EPA Preempting State Law?

Bates v. Dow Agrosciences LLC

29 peanut farmers are appealing a decision against them in a case where they alleged that Dow Agrosciences sold them a pesticide named “Strongarm” with a label that indicated it should be used wherever peanuts are grown. This was also expressed to the farmers verbally. In applying with the EPA for a label Dow learned that their pesticide was not safe anywhere where the Ph level of the soil was over 7.0. The soil in Texas generally has a Ph level of 7.2.

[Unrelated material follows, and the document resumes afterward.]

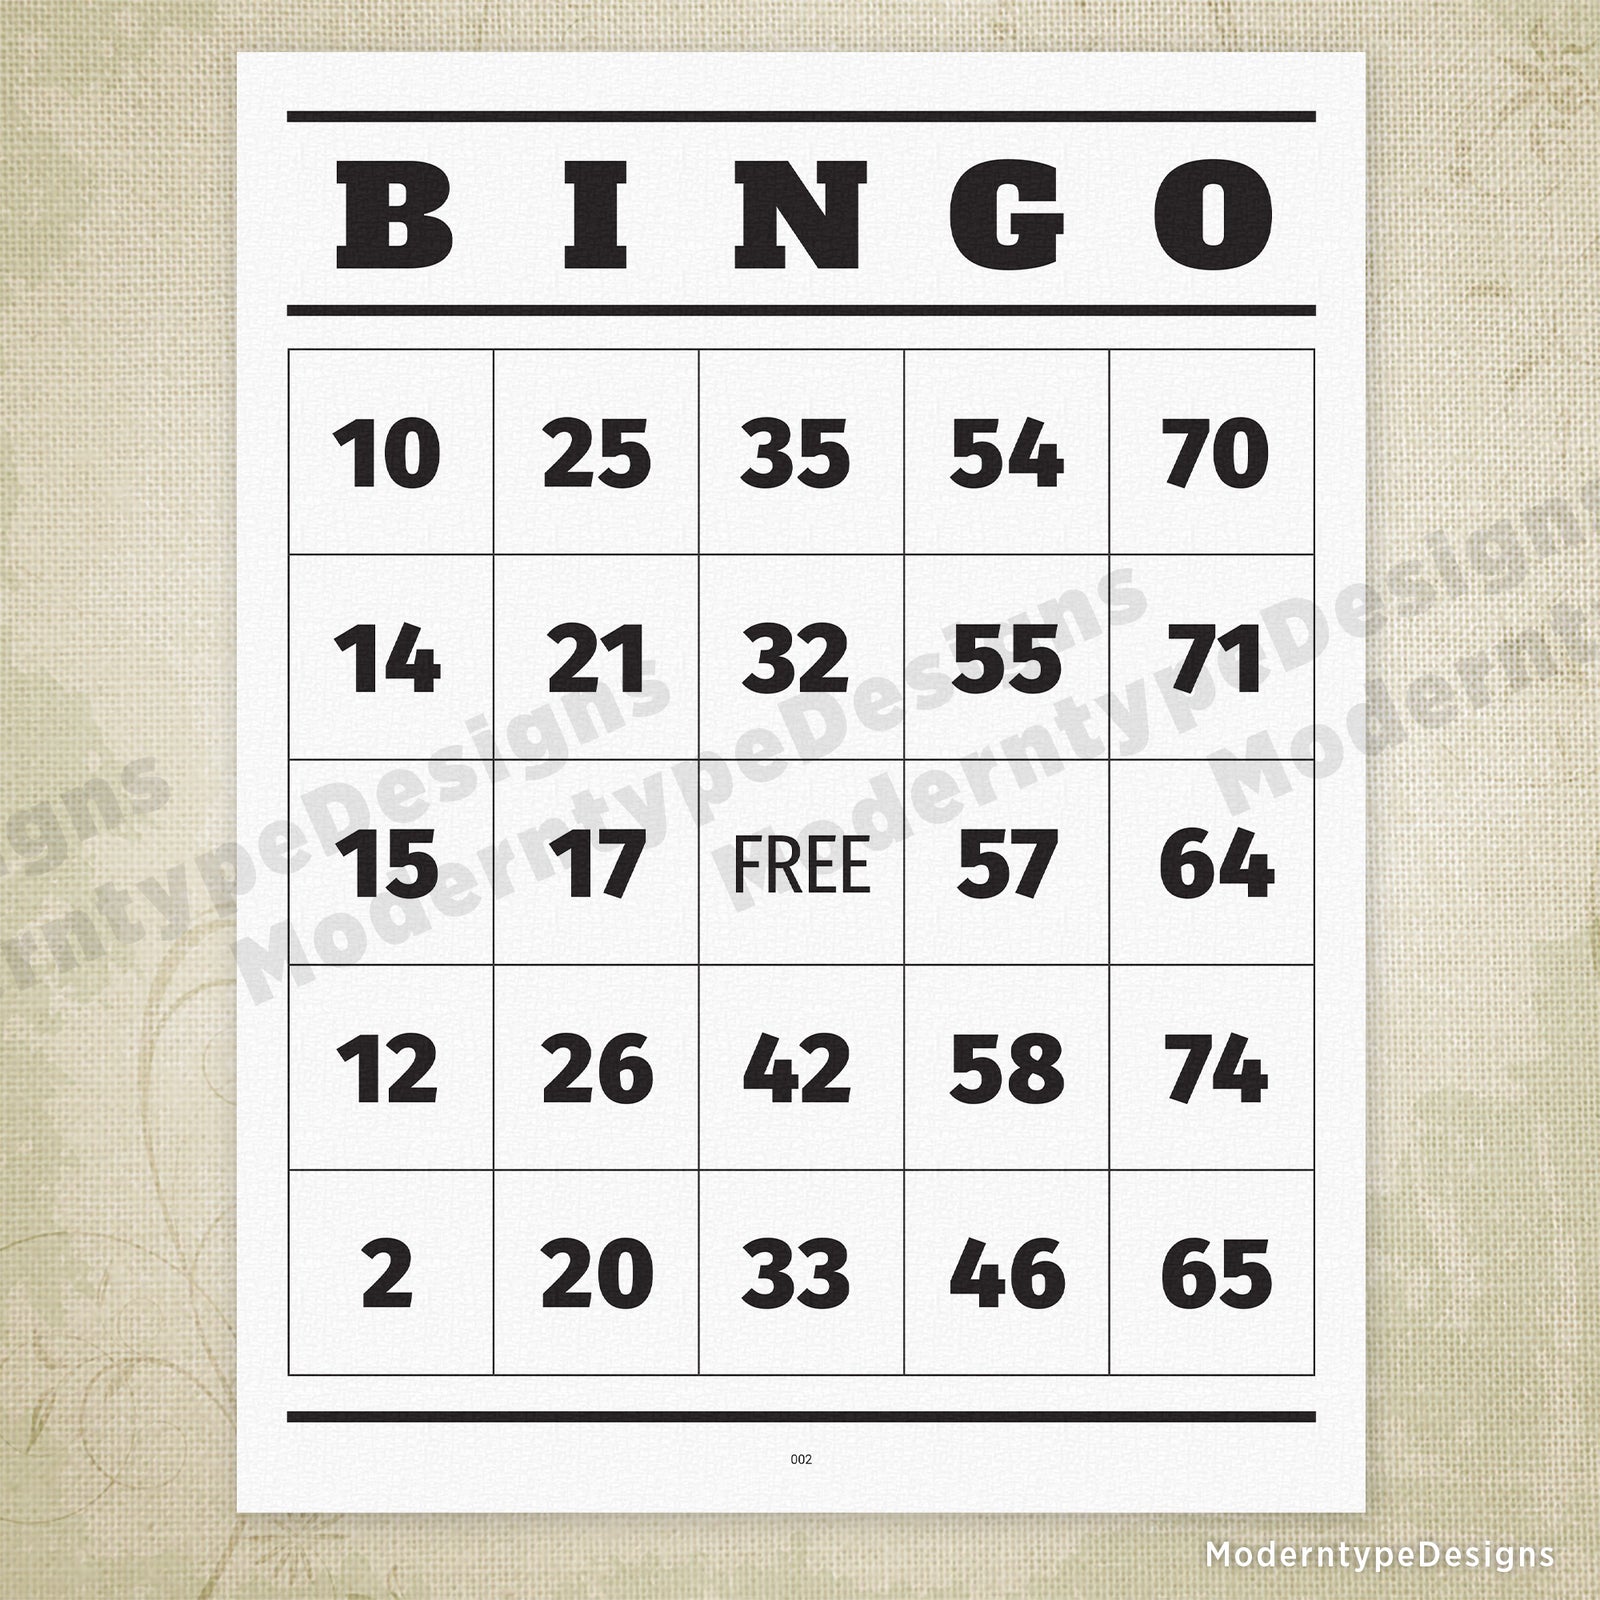 bingo caller card 1 75

The lower court ruled in favor of Dow on claims of strict liability, negligence, fraud, breach of warranty, and violation of the Texas Trade Practices-Consumer Protection Act (DTPA) because these claims were pre-empted by the EPA’s statute “that States ‘shall not impose or continue in effect any requirements for labeling or packaging in addition to or different from those required under this subchapter.’” The lower court also held that because “oral statements by Dow’s agents… did not differ from statements made on the product’s label, success on those claims would give Dow a “strong incen­tive” to change its label,” which was pre-empted by the EPA’s statute. Similarly, the lower court saw the strict liability claim as a “’disguised’ failure-to-warn claim” which would also be pre-empted.

The Supreme Court here decided that mere motivation to change the packaging was not sufficiently a “requirement,” so the claims against Dow were not preemted. The Court recognized that “requirements” “[reach] beyond positive enactments, such as statutes and regulations,” to include common-law duties, but held that these duties must be a requirement “for labeling or packaging,” and must impose a labeling or packaging requirement “in addition to or different from those re­quired under [the EPA statute].”

The majority found that the fraud and negligent-failure-to-warn claims, since they are premised on common-law rules, qualify as “requirements for labeling or packaging,” but that “a state-law labeling requirement is not pre-empted by [the EPA statute] if it is equivalent to, and fully consistent with… [federal] misbranding provisions.” The Court then left it to the lower courts to determine if these common-law rules are consistent with the Federal statute. The majority also explained that while failing Congress’ “clear and manifest intent” to supplant state federal law is assumed not to do so, “a state-law labeling re­quirement must in fact be equivalent to [its federal counterpart] in order to survive pre-emption.”

The opinion concurring in judgment and dissenting in part argued that the breach of warranty claim, and the claim under the Texas Deceptive Trade Practices-Consumer Protection Act (DTPA) should also be remanded.